## Material provided
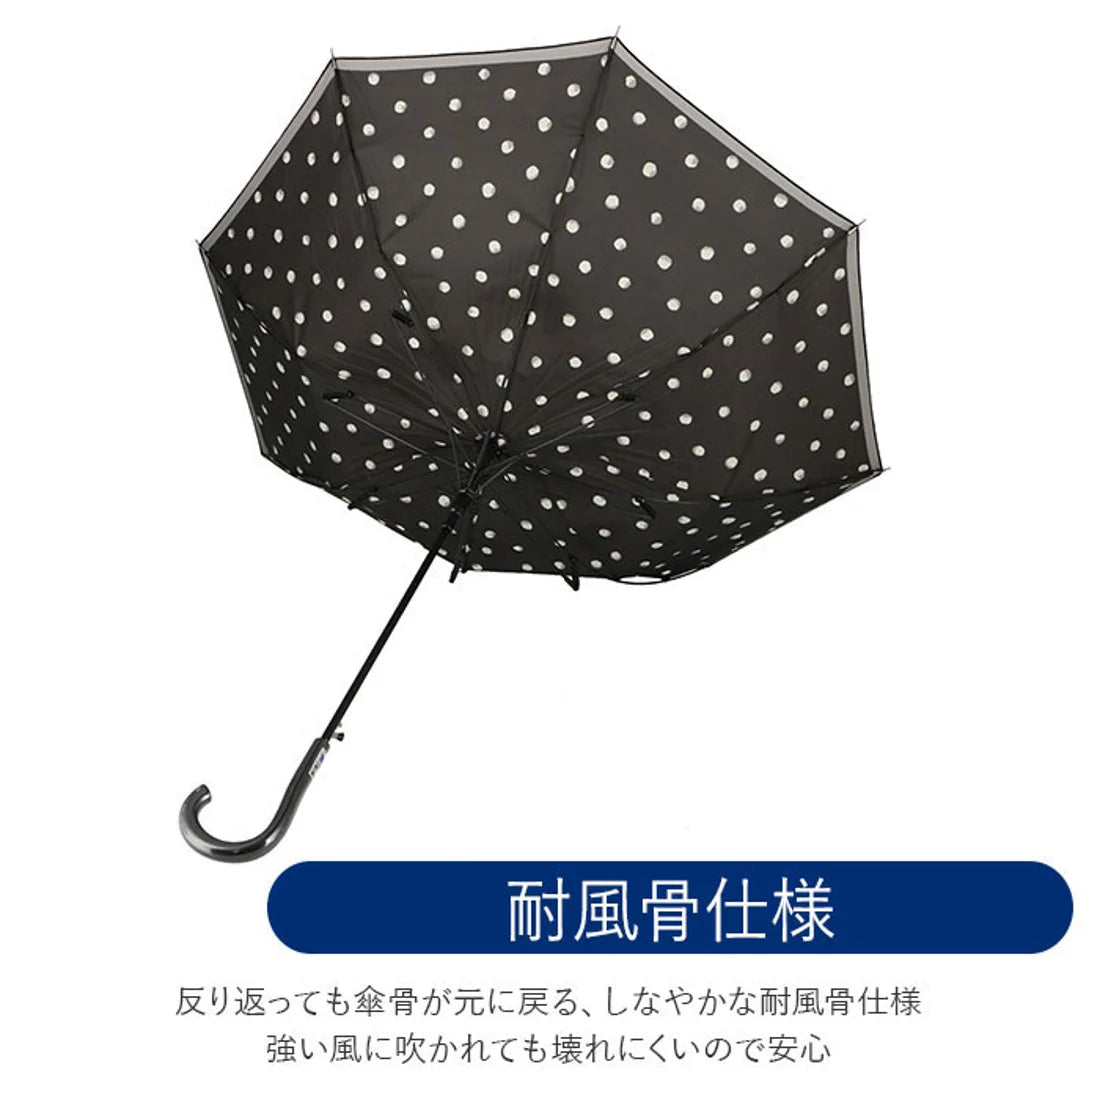 Miyajima 耐风雨伞 直伞60cm 5种款式可选
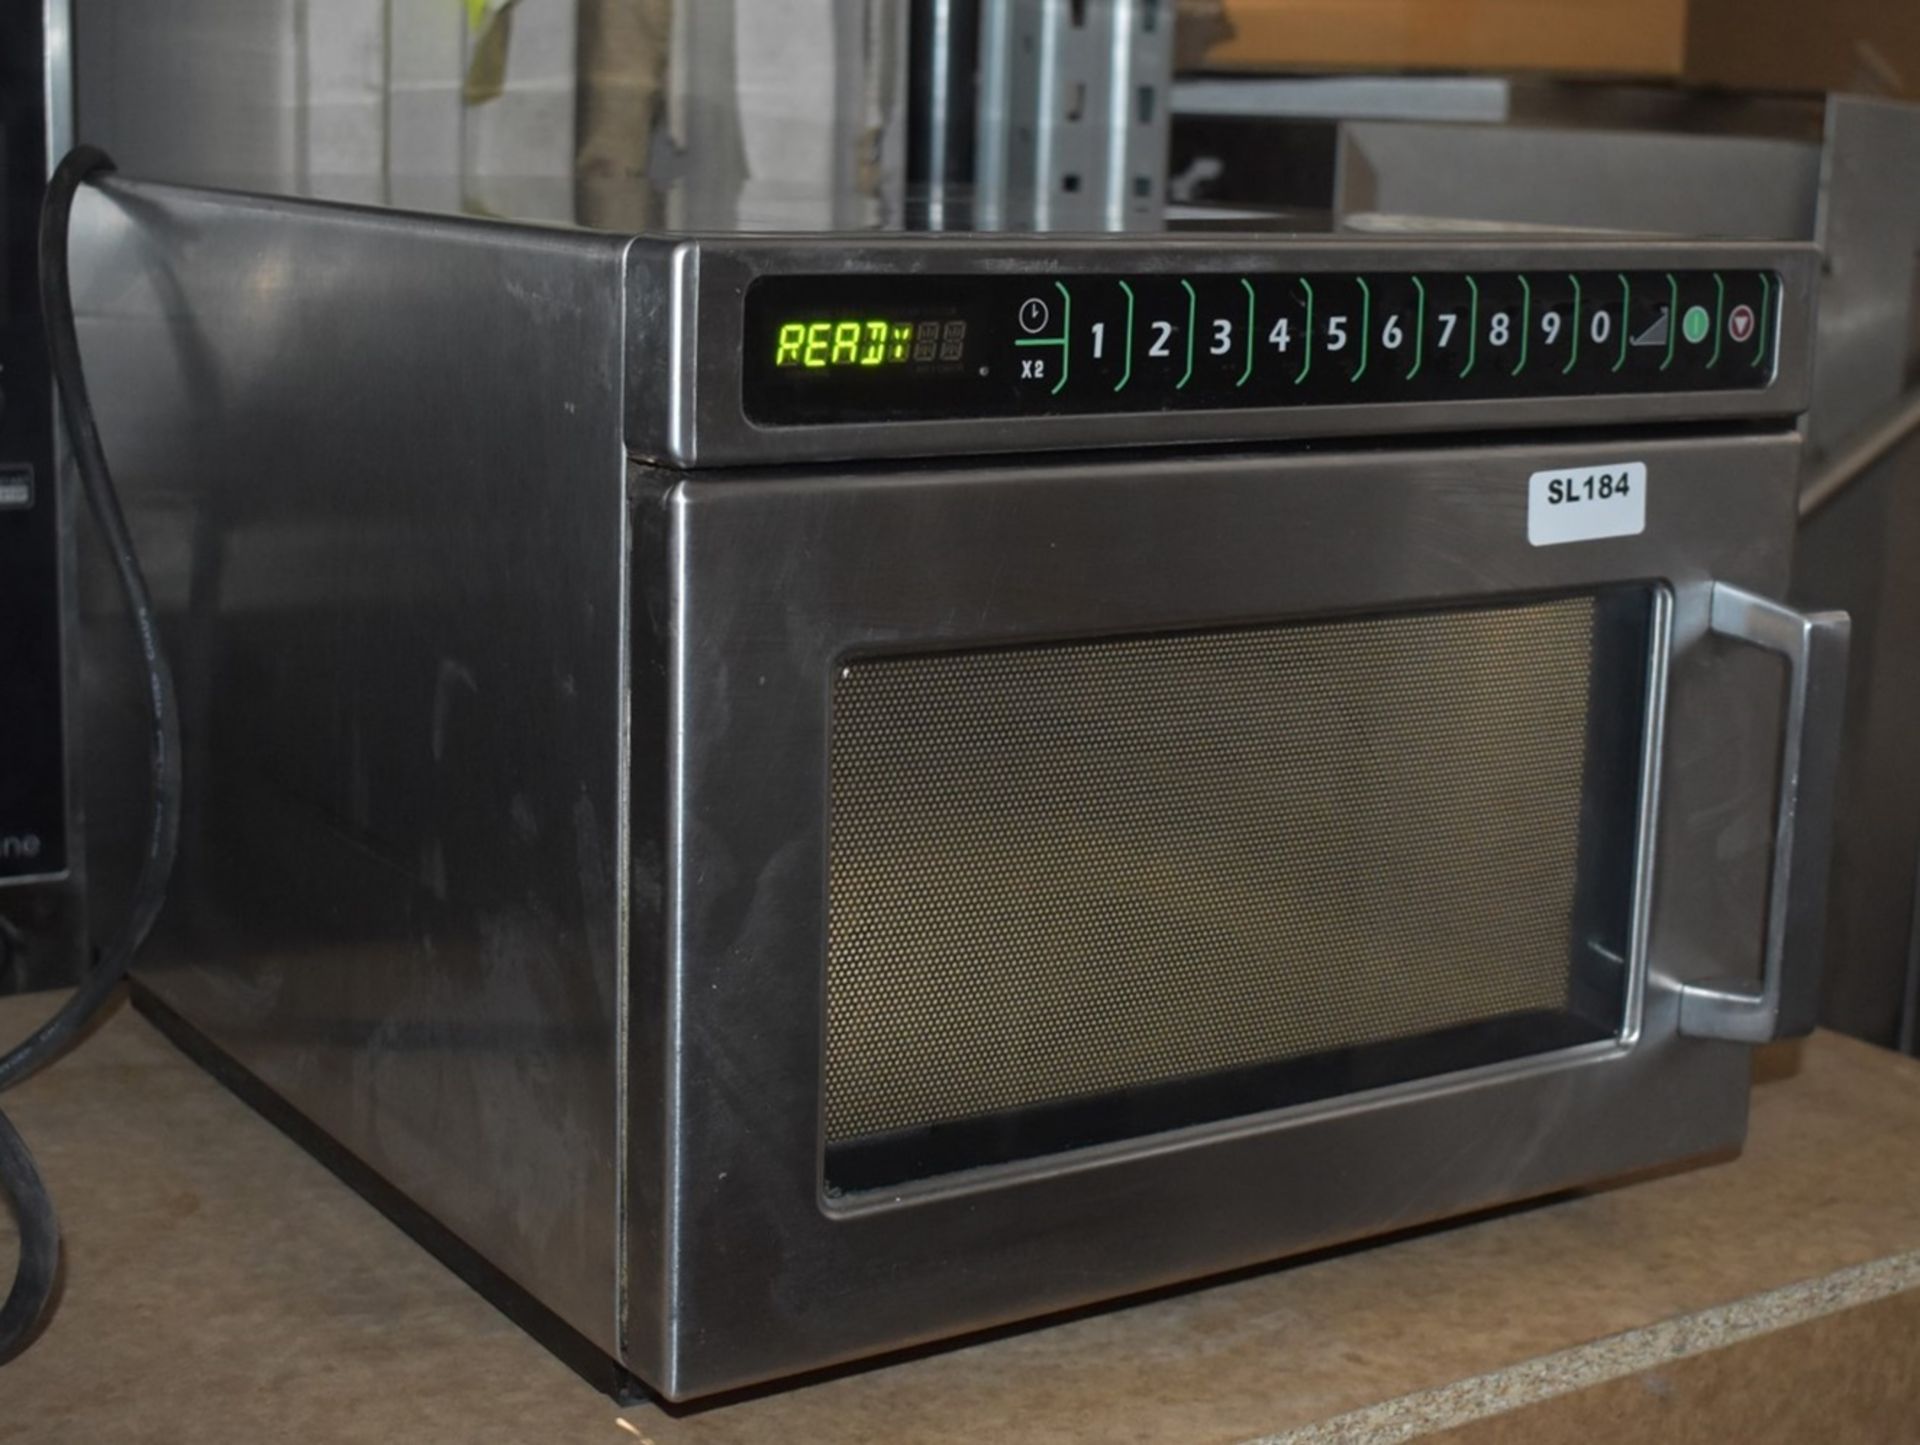 1 x Menumaster Commercial Microwave Oven - Model DEC14E2U - 1.4kW, 13A, 17Ltr - 2017 Model - - Image 2 of 13
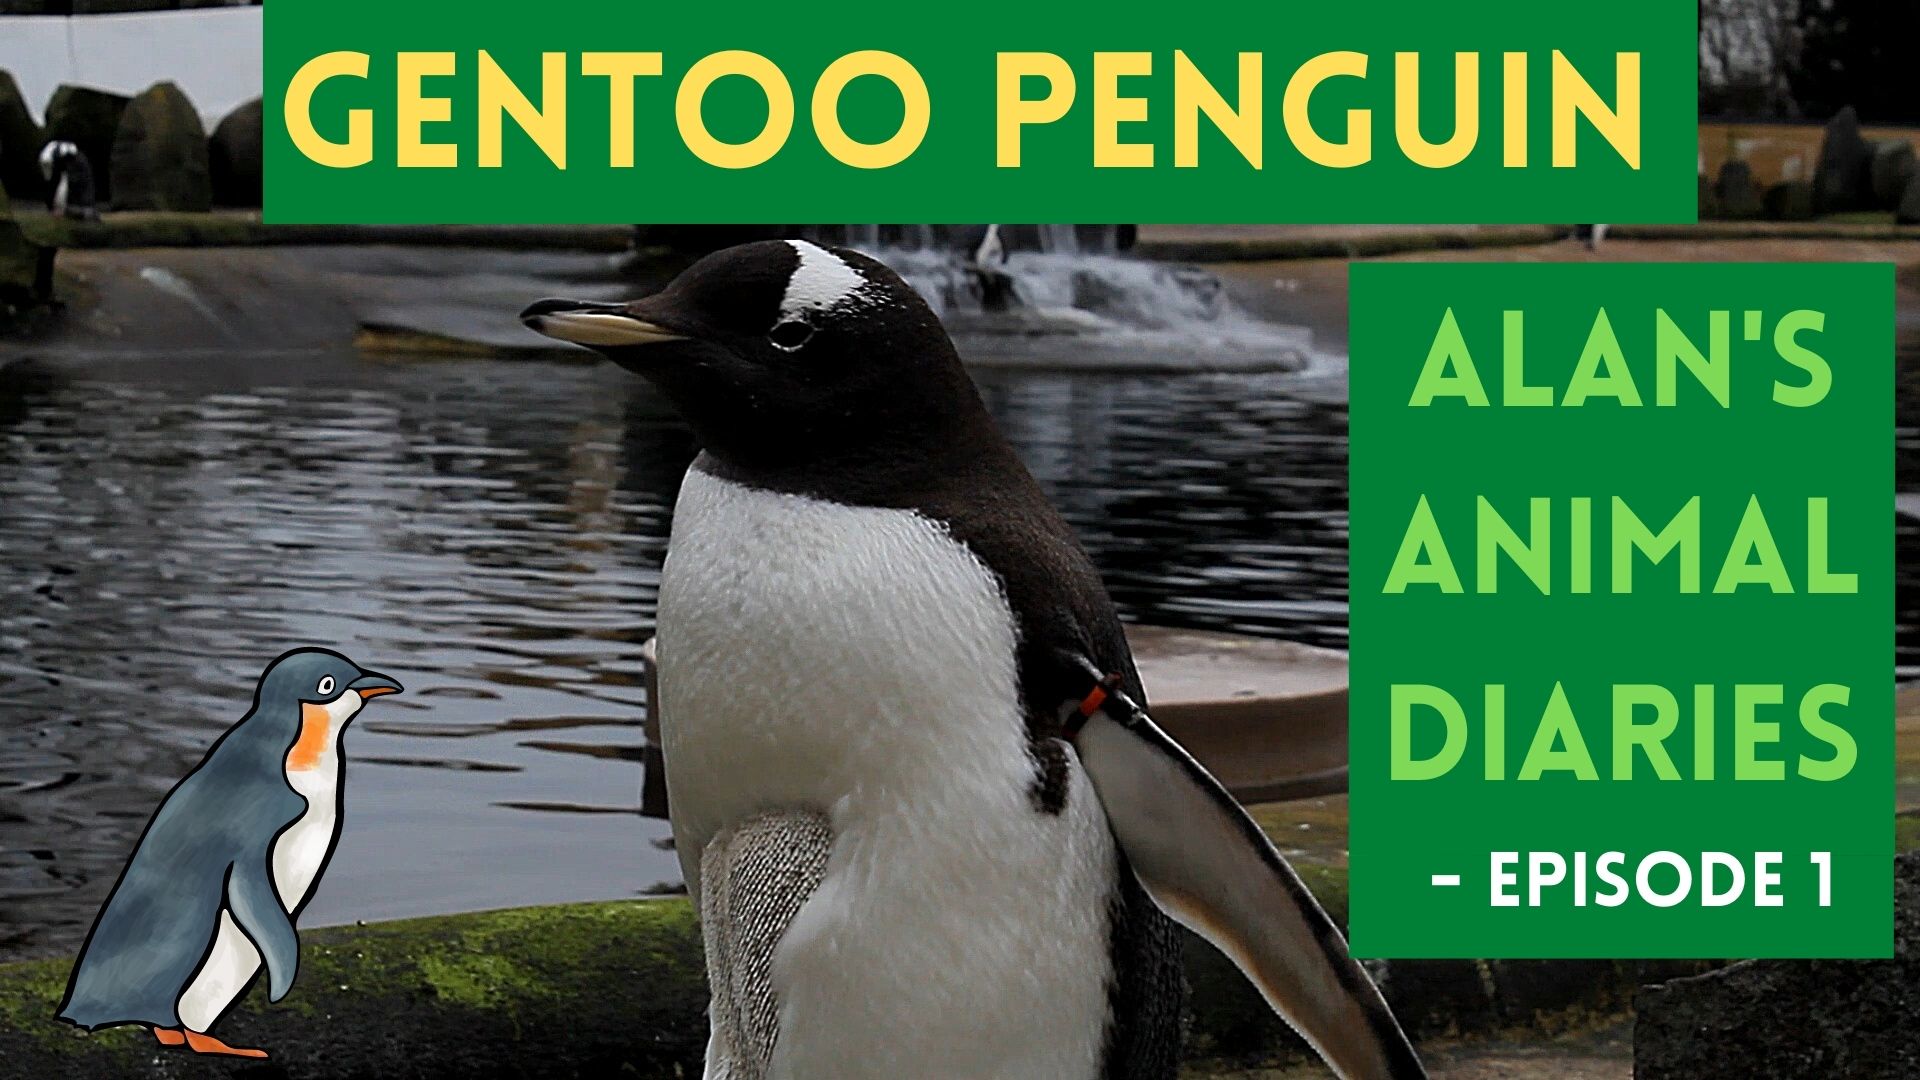 Meet The Gentoo Penguins At Edinburgh Zoo - Unbelievable Creatures On Alan's Animal Diaries #Penguin

## Prompt
Each line from the one containing "1 x Menumaster" through the last line of the listing must be copied exactly, and the pictures must not be.

## Result of this task
 1 x Menumaster Commercial Microwave Oven - Model DEC14E2U - 1.4kW, 13A, 17Ltr - 2017 Model - - Image 2 of 13
 Meet The Gentoo Penguins At Edinburgh Zoo - Unbelievable Creatures On Alan's Animal Diaries #Penguin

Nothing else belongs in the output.